P.S. Tried to call chan.eofAndEnd in Iteratee.mapDone, and chunked(enums >>> Enumerator.eof instead of chunked(enums) - did not help. Sometimes the response comes back, but does not contain the correct data. What do I miss?
def trans(in:Enumerator[String]):Enumerator[String] = {
val (res, chan) = Concurrent.broadcast[String]
val iter = Iteratee.fold(true) { (isFirst, curr:String) =>
if (!isFirst)
chan.push("<-------->")
chan.push(curr)
false
}
in.apply(iter)
res
}
def enums:Enumerator[String] = {
val en12 = Enumerator[String]("1", "2")
trans(en12)
//en12 //if I comment the previous line and uncomment this, it prints "12" as expected
}
def enum = Action {
Ok.chunked(enums)
}
Here is my solution which I believe to be correct for this type of problem. Comments are welcome:
def fill[From](
prefix: From => Enumerator[From],
infix: (From, From) => Enumerator[From],
suffix: From => Enumerator[From]
)(implicit ec:ExecutionContext) = new Enumeratee[From, From] {
override def applyOn[A](inner: Iteratee[From, A]): Iteratee[From, Iteratee[From, A]] = {
//type of the state we will use for fold
case class State(prev:Option[From], it:Iteratee[From, A])

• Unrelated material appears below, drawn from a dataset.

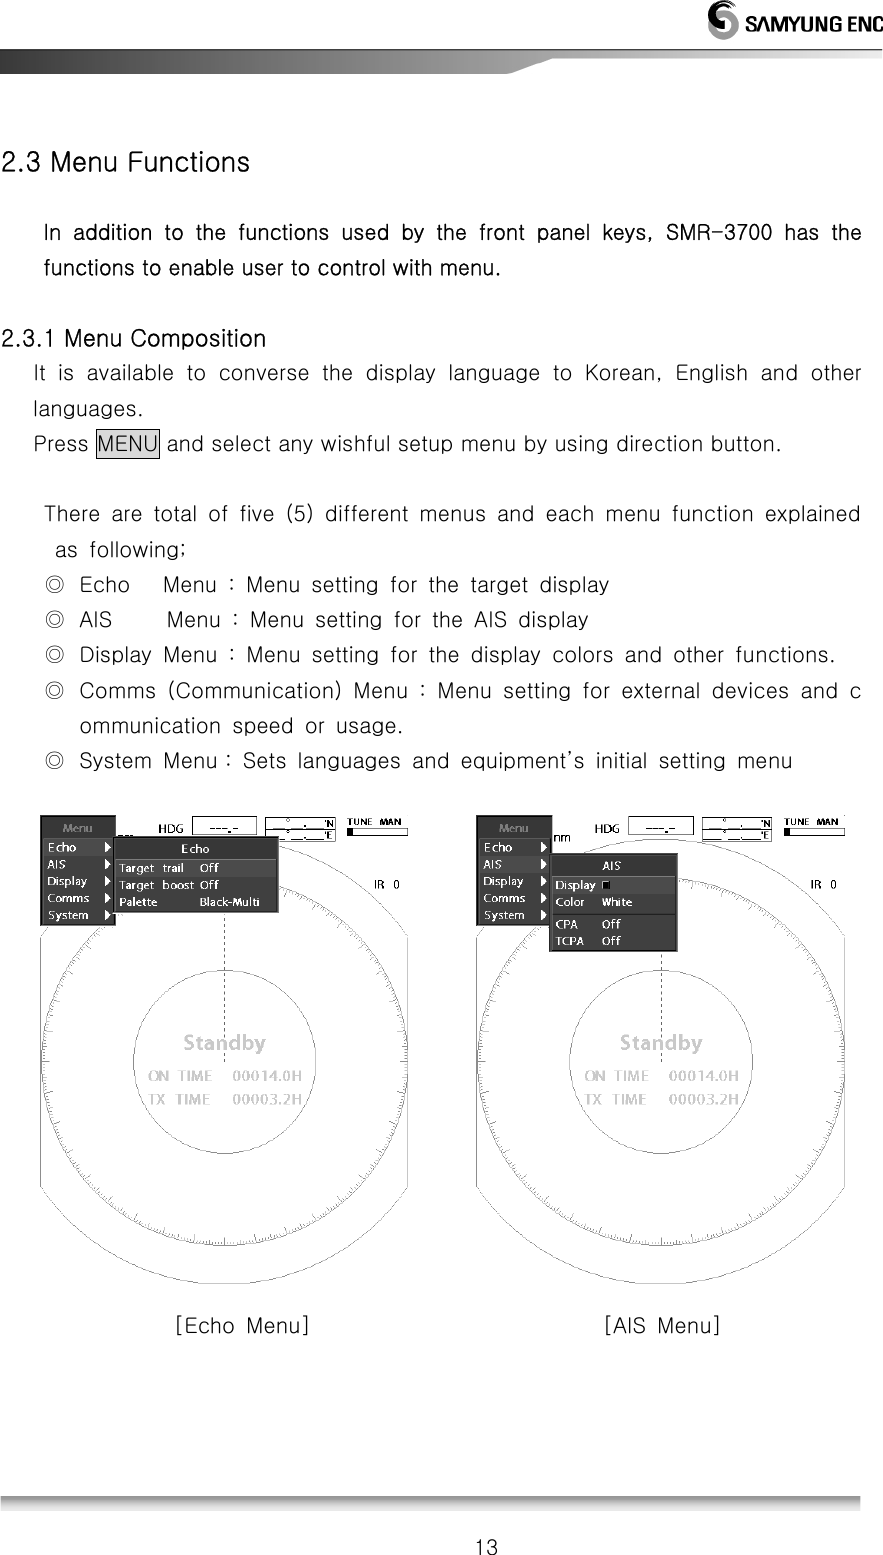   13 2.3 Menu Functions         In  addition  to  the  functions  used  by  the  front  panel  keys,  SMR-3700  has  the functions to enable user to control with menu.  2.3.1 Menu Composition    It is available to converse the display language to Korean, English  and  other languages.    Press MENU and select any wishful setup menu by using direction button.  There  are  total  of  five  (5)  different  menus  and  each  menu  function  explained   as  following; ◎ Echo   Menu : Menu setting for the target display ◎ AIS     Menu : Menu setting for the AIS display ◎ Display Menu : Menu setting for the display colors and other functions. ◎ Comms  (Communication)  Menu  :  Menu  setting  for  external  devices  and  communication  speed  or  usage. ◎ System Menu : Sets languages and equipment’s initial setting menu                [Echo Menu]                           [AIS Menu]

Iteratee.foldM(State(None, inner)) { (prevState, newItem:From) =>
val toInsert = prevState.prev match {
case None => prefix(newItem)
case Some(prevItem) => infix (prevItem, newItem)
}
for(newIt <- toInsert >>> Enumerator(newItem) |>> prevState.it)
yield State(Some(newItem), newIt)
} mapM {
case State(None, it) => //this is possible when our input was empty
Future.successful(it)
case State(Some(lastItem), it) =>
suffix(lastItem) |>> it
}
}
}
// if there are missing integers between from and to, fill that gap with 0
def fillGap(from:Int, to:Int)(implicit ec:ExecutionContext) = Enumerator enumerate List.fill(to-from-1)(0)
def fillFrom(x:Int)(input:Int)(implicit ec:ExecutionContext) = fillGap(x, input)
def fillTo(x:Int)(input:Int)(implicit ec:ExecutionContext) = fillGap(input, x)
val ints = Enumerator(10, 12, 15)
val toStr = Enumeratee.map[Int] (_.toString)
val infill = fill(
fillFrom(5),
fillGap,
fillTo(20)
)
val res = ints &> infill &> toStr // res will have 0,0,0,0,10,0,12,0,0,15,0,0,0,0
You wrote that you are working with WebSockets, so why don't you use dedicated solution for that? What you wrote is better for Server-Sent-Events rather than WS. As I understood you, you want to filter your results before sending them back to client? If its correct then you Enumeratee instead of Enumerator. Enumeratee is transformation from-to. This is very good piece of code how to use Enumeratee. May be is not directly about what you need but I found there inspiration for my project. Maybe when you analyze given code you would find best solution.